Although the grounds were bought by Matlock Urban District Council in 1924, the Matlock and High Tor Recreation Company stewardship of the High Tor Grounds continued until 1975 when the District Council took over the management and maintenance.
The
view from the summit area of the tor is very impressive, all the more so
because the cliff edge is totally unfenced and even those with a head for
heights are likely to find the drop unnerving. There is an excellent view of
Matlock Bath and the Heights of Abraham on the opposite hill.
For those with strong nerves - and we did have two such people with us today - a narrow walkway called 'Giddy Ledge'
winds around a section of the cliff and even though this is not the highest
buttress of the tor, the situation is impressive.
Since first opening its gates to visitors in 1780 the Heights of Abraham has remained one of the Peak District's most popular destinations. Originally the Heights of Abraham was reached on foot and required visitors to scale the steep slopes of Masson Hill. Since 1984 a visit begins with a journey on Britain"s first alpine style cable car system. Rising from the valley floor, the observation cars transport you in comfort and safety and allow stunning views of the Derwent Valley and surrounding Peak District.

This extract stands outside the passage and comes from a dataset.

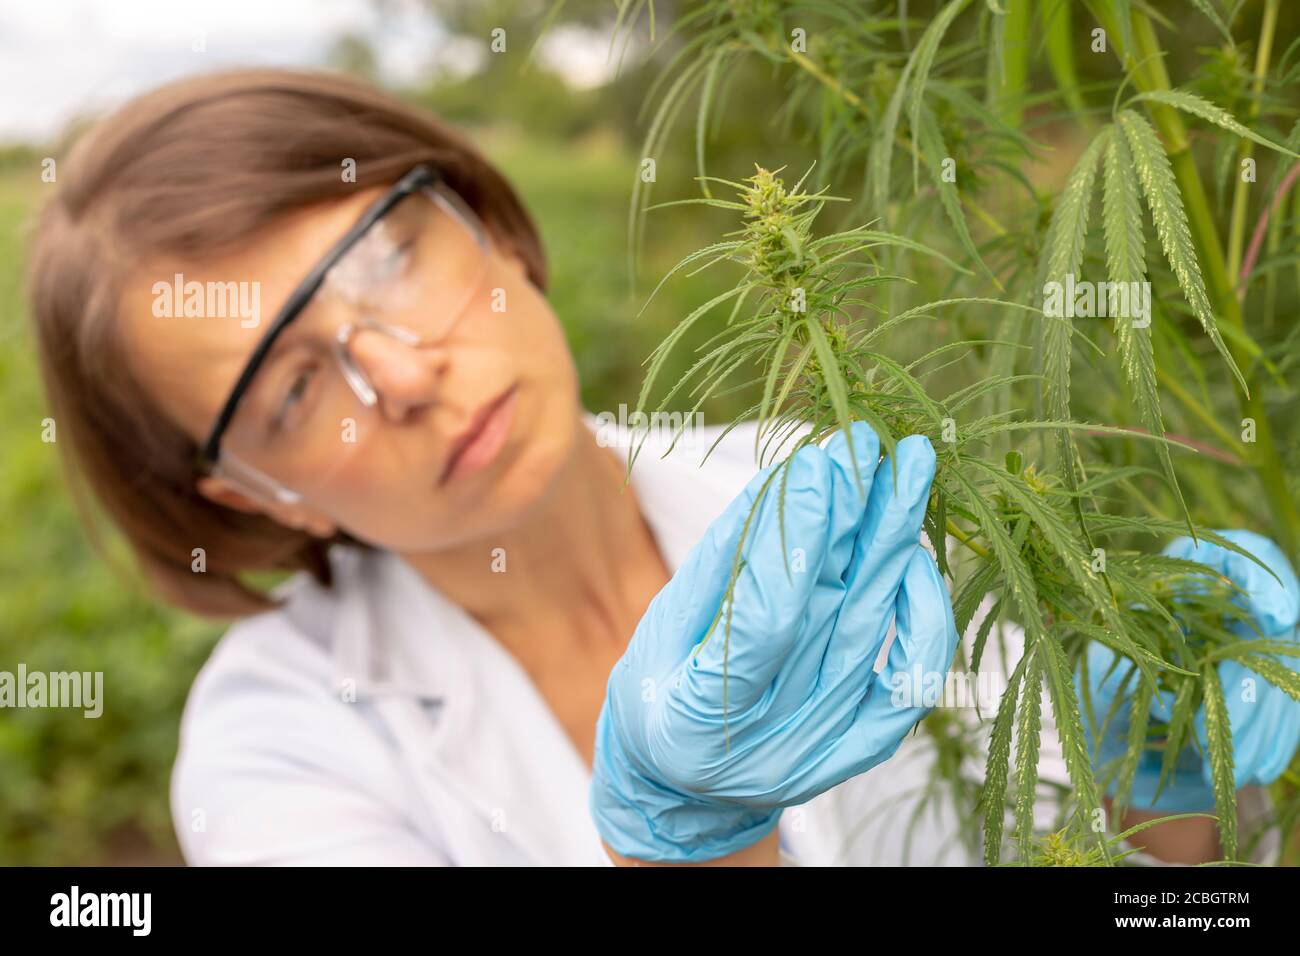 Ritratto di uno scienziato in una maschera che esamina le foglie di canapa. Pianta di cannabis come medicina. Foto Stock

We then walked down, past these bones, to Matlock Bath
The Peak District Mining Museum is situated in The Pavilion at the centre of Matlock Bath. This former dance floor has been completely renovated and converted to provide a setting for the relics of the Peak District's oldest industry.
In Matlock we came across this (now) rare VR Post Box. It is at the former post office on the corner of Matlock Green and Lime Tree Road.
On our way back to Tansley we took a short detour to visit this gem of place.
The Lumsdale Valley is a small wooded gorge of outstanding natural beauty tucked away high above Matlock. Lumsdale is one of the best examples of a water-powered industrial archaeological site in Great Britain.
In the part of the valley owned by the Arkwright Society at least seven mills remain, including a bleach works, all of which were powered by water from the Bentley Brook. By the 1600s there was at least one mill in operation, yet it was not until the late 18th century that the demand for water power reached its height.
The mills were put to various uses including cotton spinning,
bleaching, and grinding corn, bone and minerals for paint manufacture.
Cottages, situated near one of the Valley’s ponds, were created from a single
building which once housed two lead cupolas with a counting house and smithy on
the other side of the track. Industrial use of the site continued until the
1930s.
In 1939 it was purchased by Marjorie Mills whose passion for Lumsdale
ensured its survival. Despite many offers for the building stone she refused to
permit demolition of the mill structures, preferring to keep them as they were,
surrounded by trees and undergrowth, offering a home to a wide variety of
wildlife.
However, by 1976 she had recognised that she could not protect and
manage her property single-handed. The buildings near the road were in danger
of falling onto the highway; the dams which once retained the mill ponds had
either to be pulled down or repaired; and these issues now had to be considered
against a background of an increasing awareness of the archaeological
significance of Lumsdale’s derelict mills and water courses.